Thanks both of you I will try both of your ideas next week.!


----------



## lighttackle2fun (Dec 22, 2007)

When I use ly's I will hook them straight thru the two small fins on the bottom of the fish, under the head. They will swim in a circle normally. Spanish will tear them up. Looks wonded. You have to stick them directly in the back of the fin almost through the fins on both sides. Sometime they die a lil faster but its very successful method. 
Pin fish I do as other are suggesting.


----------



## Boat-Dude (Sep 24, 2011)

lighttackle2fun said:


> When I use ly's I will hook them straight thru the two small fins on the bottom of the fish, under the head. They will swim in a circle normally. Spanish will tear them up. Looks wonded. You have to stick them directly in the back of the fin almost through the fins on both sides. Sometime they die a lil faster but its very successful method.
> Pin fish I do as other are suggesting.



Win!!!


----------



## FL Marine Plastics (Feb 7, 2013)

Usually the pier I fish I have the benefit of either an incoming or outgoing tide. Sometimes if the current isn't too strong though they hang out right there. I'll use a float about 5ft back from the bait and the light surface current with the float helps guide the bait away.


----------



## fairpoint (May 9, 2013)

Hook most baits in the topside tail area....keep tension on your line so the fish is always heading away from you......most fish can't swim backwards,lol....


----------



## 850lover (Oct 28, 2008)

do u guys use a weight when using live pinfish?


----------



## FL Marine Plastics (Feb 7, 2013)

850lover said:


> do u guys use a weight when using live pinfish?


It depends on where and how I'm fishing. Sometimes I'll just free line it out and let it swim around but if I'm trying to keep it in a specific area I use a 3 way swivel. One part connects to your main line, one part with about 3 ft and a weight, and the part with the pinfish on it has about 5-6 ft of line


----------



## fairpoint (May 9, 2013)

Another way is to get a sliding weight ...thread the line through it then tie a 20" fluorocarbon leader with a circle hook or J hook....keep the line tight and he will stay close to the bottom.....let a little slack out and he can swim about .....this rig is a bull redfish catcher.....I also like this rig for flounder fishing as well......


----------



## Breeze (Mar 23, 2012)

fairpoint said:


> Another way is to get a sliding weight ...thread the line through it then tie a 20" fluorocarbon leader with a circle hook or J hook....keep the line tight and he will stay close to the bottom.....let a little slack out and he can swim about .....this rig is a bull redfish catcher.....I also like this rig for flounder fishing as well......

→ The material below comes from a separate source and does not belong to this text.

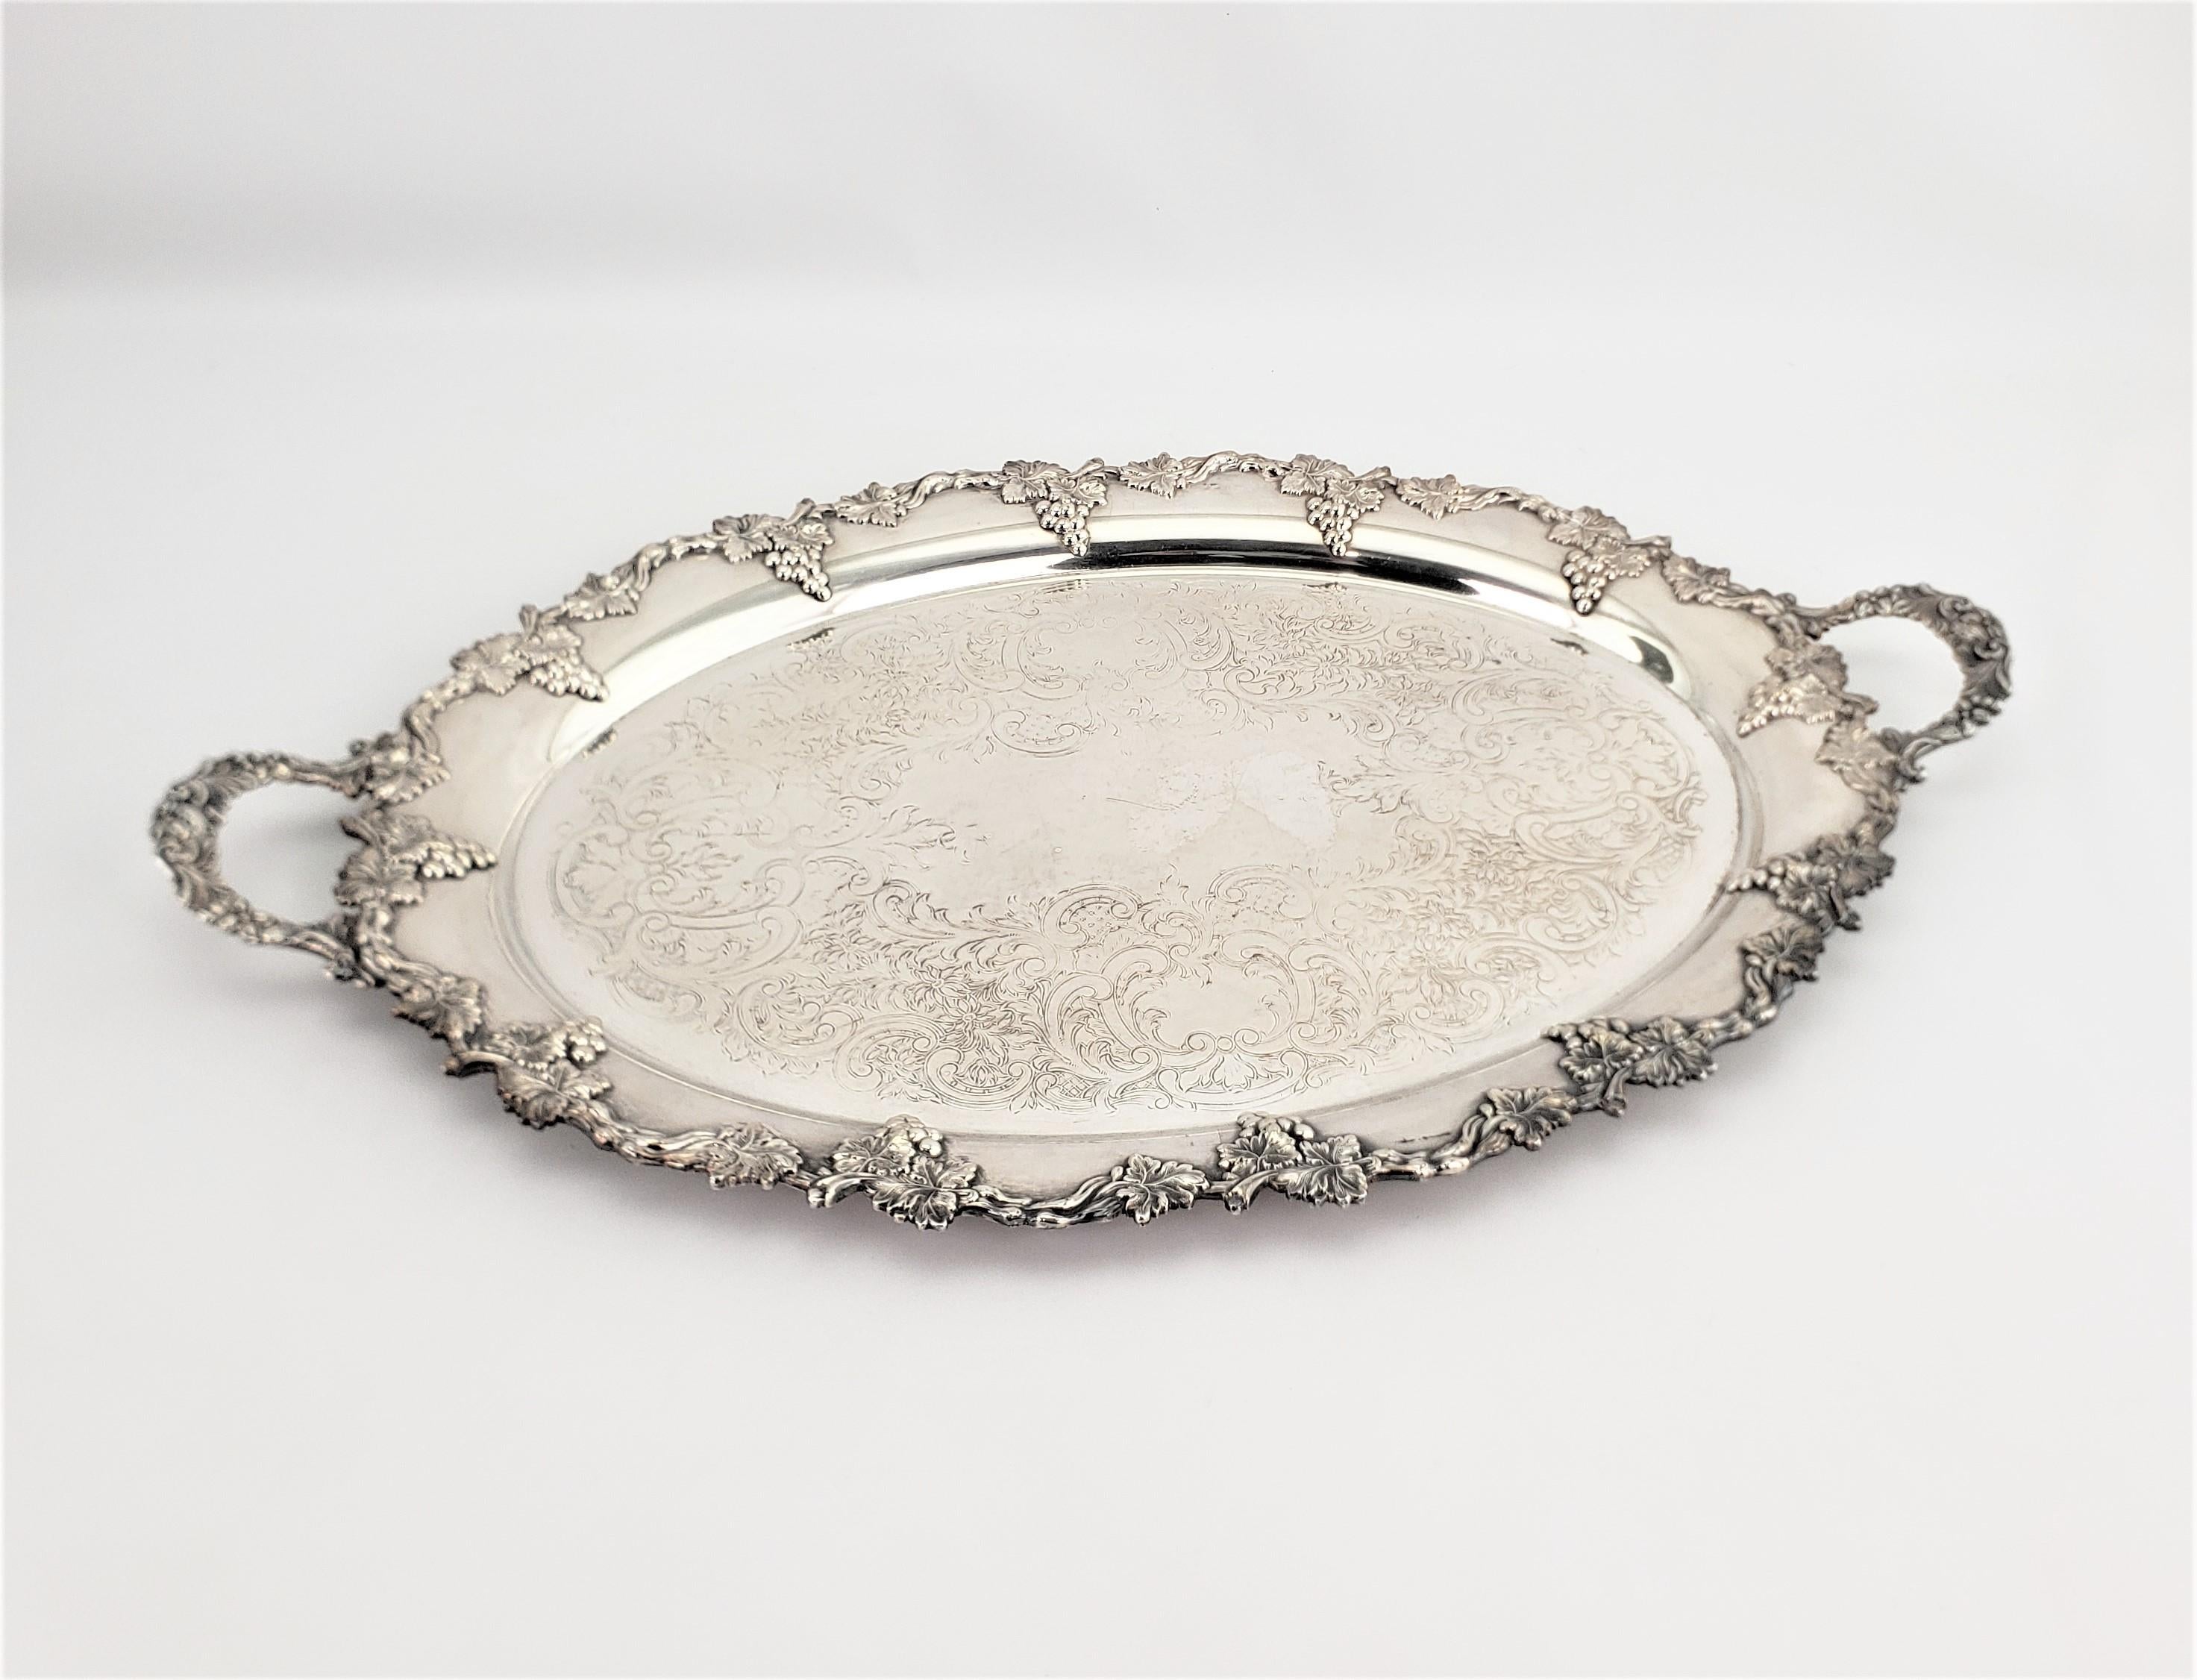 This oval silver plated serving tray was made in England by an unknown maker in approximately 1920 in a Victorian style. The tray is ornately decorated with a cast figural grape and leaf decoration on the surround and replicated on the handles. The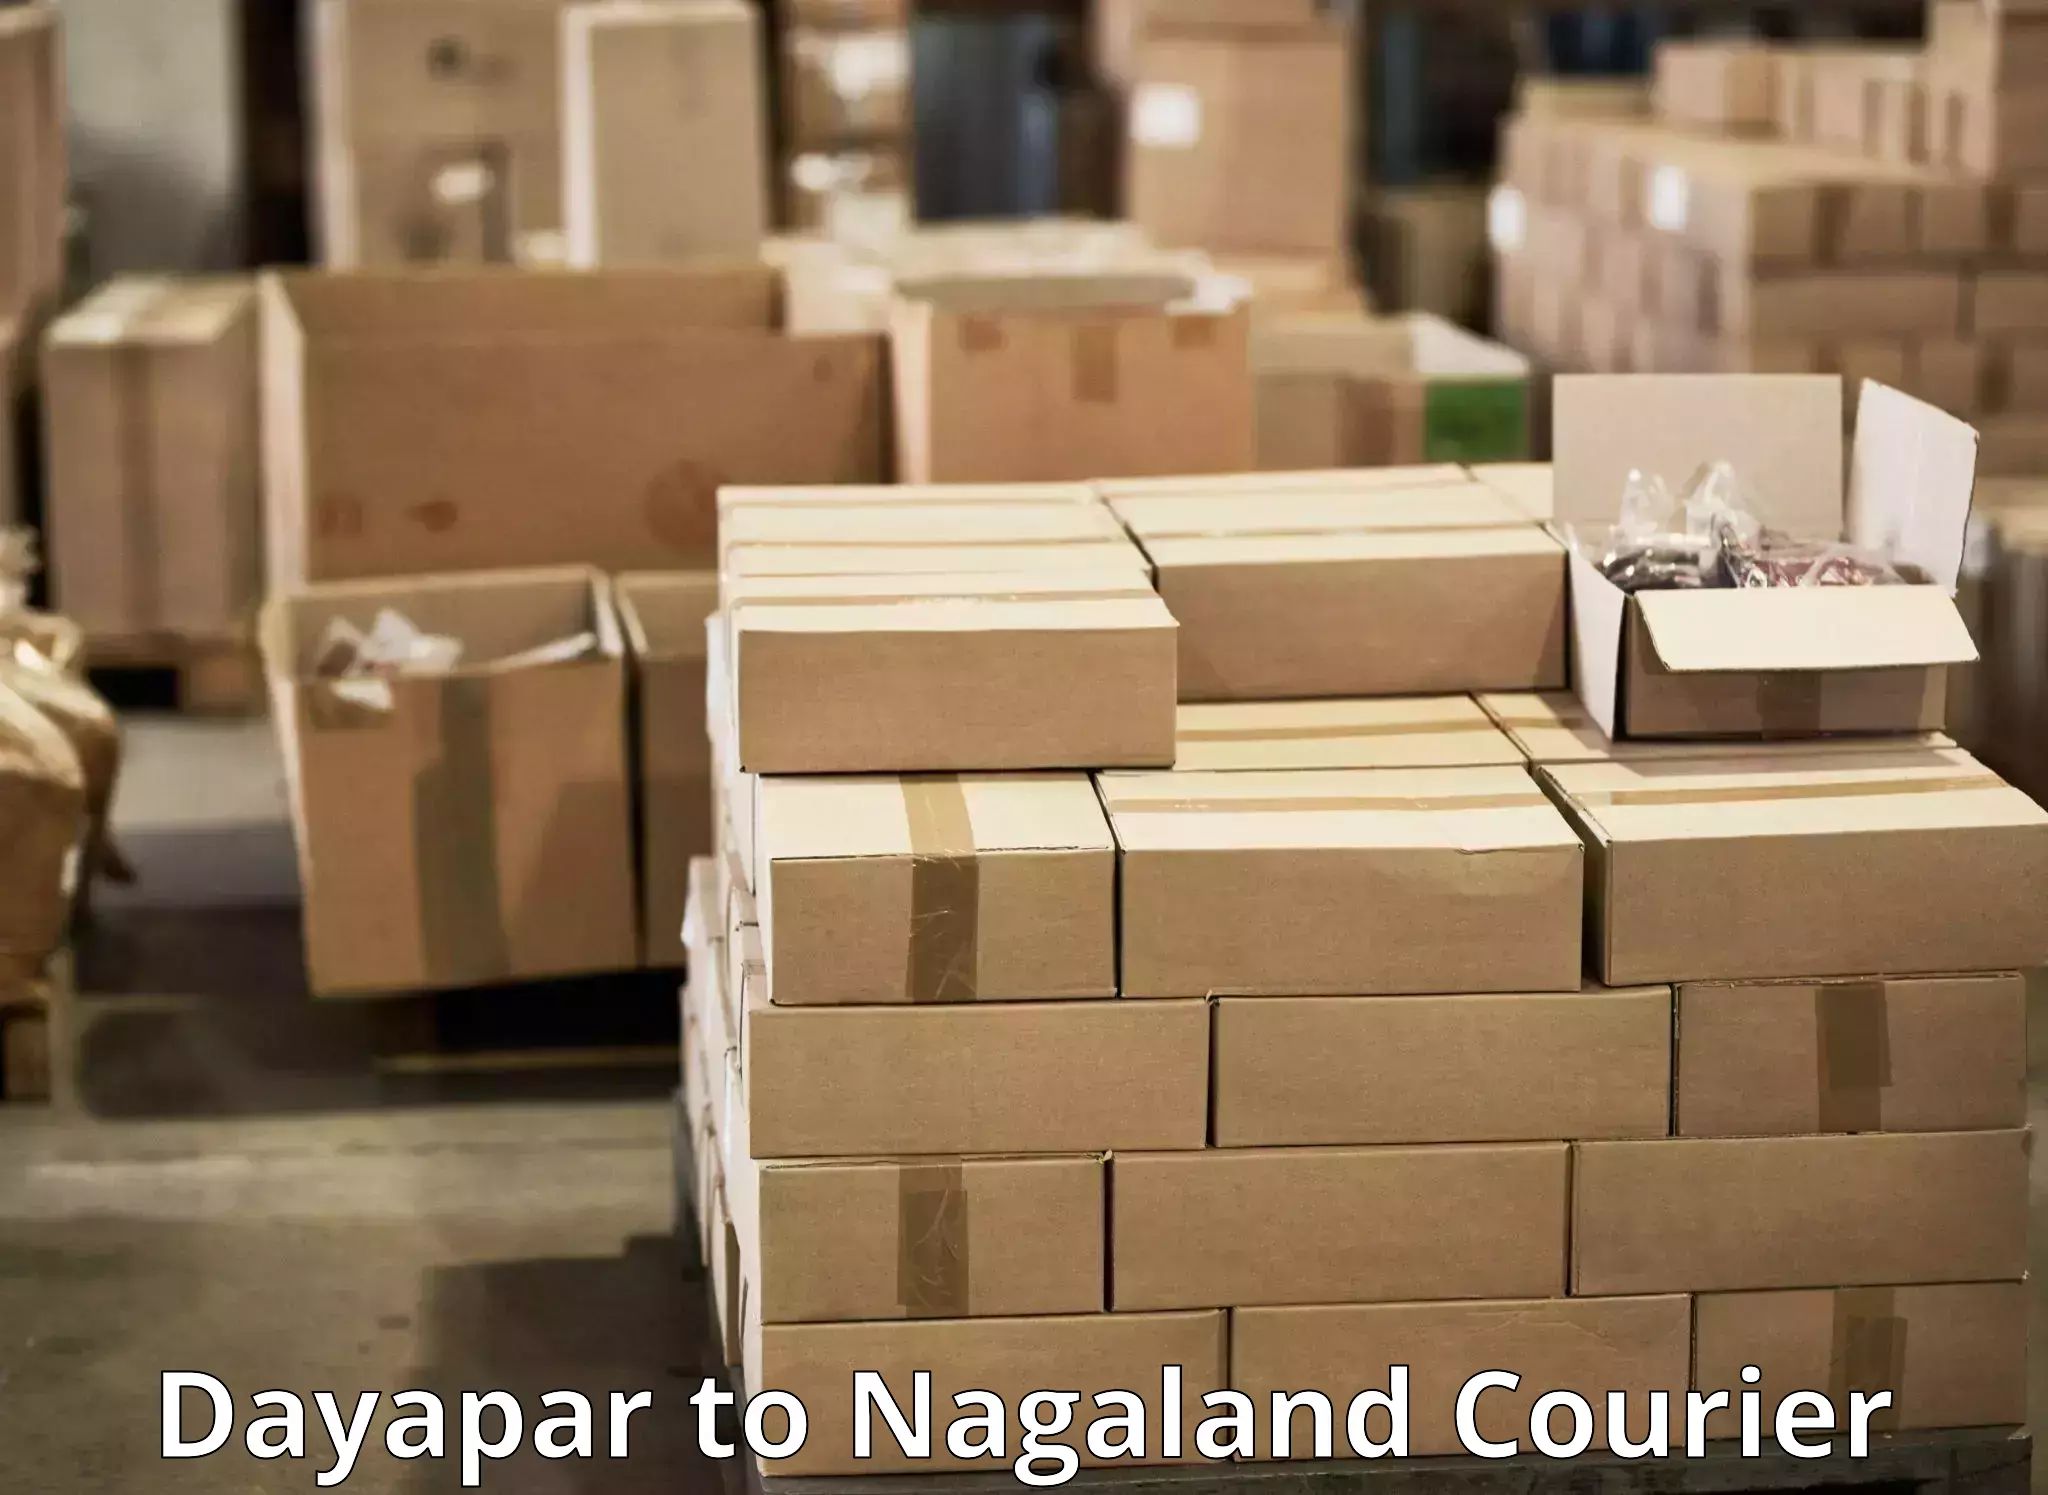 Same-day delivery solutions Dayapar to Nagaland

This is how I rig up for reds also. Only difference is I use a 36" steel leader. I hook my live bait just in front of the tail. I use the same rig for spanish except I attach a float about 4-5 feet above the weight. 

Frozen cigars also work well using this set up.


----------



## Wolfithius (Sep 8, 2013)

I am absolutely new to the piers and NW Florida. Do you catch your baitfish on sabiki rigs? I would be fishing at Okaloosa.

Also, I might try wading in the bay for trout or other fish in flats. Is there a way to determine which areas hold fish, when and what time (tides?)?


----------